Looking to gain some understanding of Shamus, Nick shined his light about the room, at the desktop, the wall shelves filled with encyclopedias, books on philosophy and religion, Dante’s Divine Comedy, treatises on world hunger and poverty.
He turned and opened the drawers of the credenza and found an array of plaques and honoraria, medals and testimonials. But unlike the trophies Nick kept hidden away in his library, these were not for sports, but were of actual significance for deeds whose merit far outweighed hockey championships and swim races. The simple plaques were for actions whose value could not be assessed. UNICEF, the Wildlife Trust, Habitat for Humanity, Doctors Without Borders, and Environment Rescue had all seen fit to bestow their highest honors on Hennicot.
Without ever meeting the man, Nick gained more insight into his character with this one glance. This was a man embarrassed by his charity, who chose to hide away the recognition bestowed upon him.
Nick turned the flashlight on the windowless room and was about to exit when a slight crack in the wall was illuminated.
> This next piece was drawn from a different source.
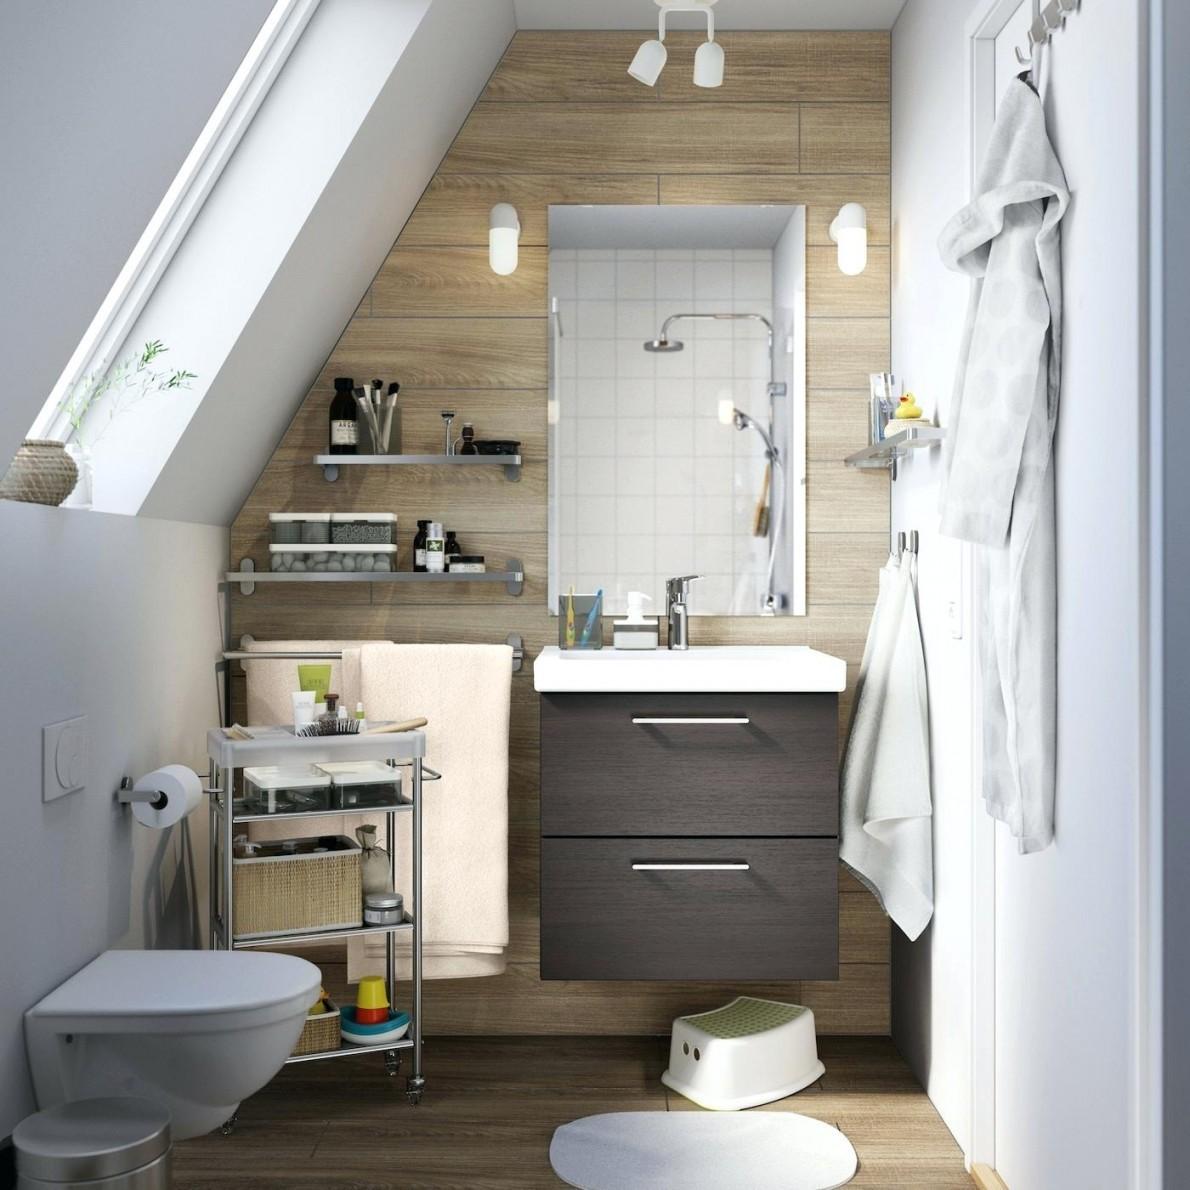 Mini Badezimmer Good Naturstein With Mini Badezimmer von Kleines Bad Renovieren Bild

He ran his hands down the darkly stained walnut and found the seam of the panel, something that shouldn’t have been accepted in this finely crafted space. Nick laid his hand upon the wall and with a gentle push, it swung inward on whisper hinges. The narrow door, without handles or knobs, revealed a small room, eight feet square. There were no finishes here, no effort to mask the concrete construction. Three simple lights, which, like all the other lights, lacked power, hung from the ceiling. Another red-domed box was affixed to the wall. The two objects in the center of the room were as cold and plain as the room itself. Built in 1948, the two Harris safes had centered flywheels and brass bar handles. They were two blocks of steel four feet high and square looking to weigh over a thousand pounds each, but the weight wasn’t the only deterrent to removing them, as they were bolted to the floor, probably sunk into the granite foundation. They were identical in appearance but for one distinction: The door of the one on the right hung conspicuously open. Its three-foot interior was covered in black felt so as not to damage whatever had once resided within. The safe lay empty, cleaned out, as the saying goes.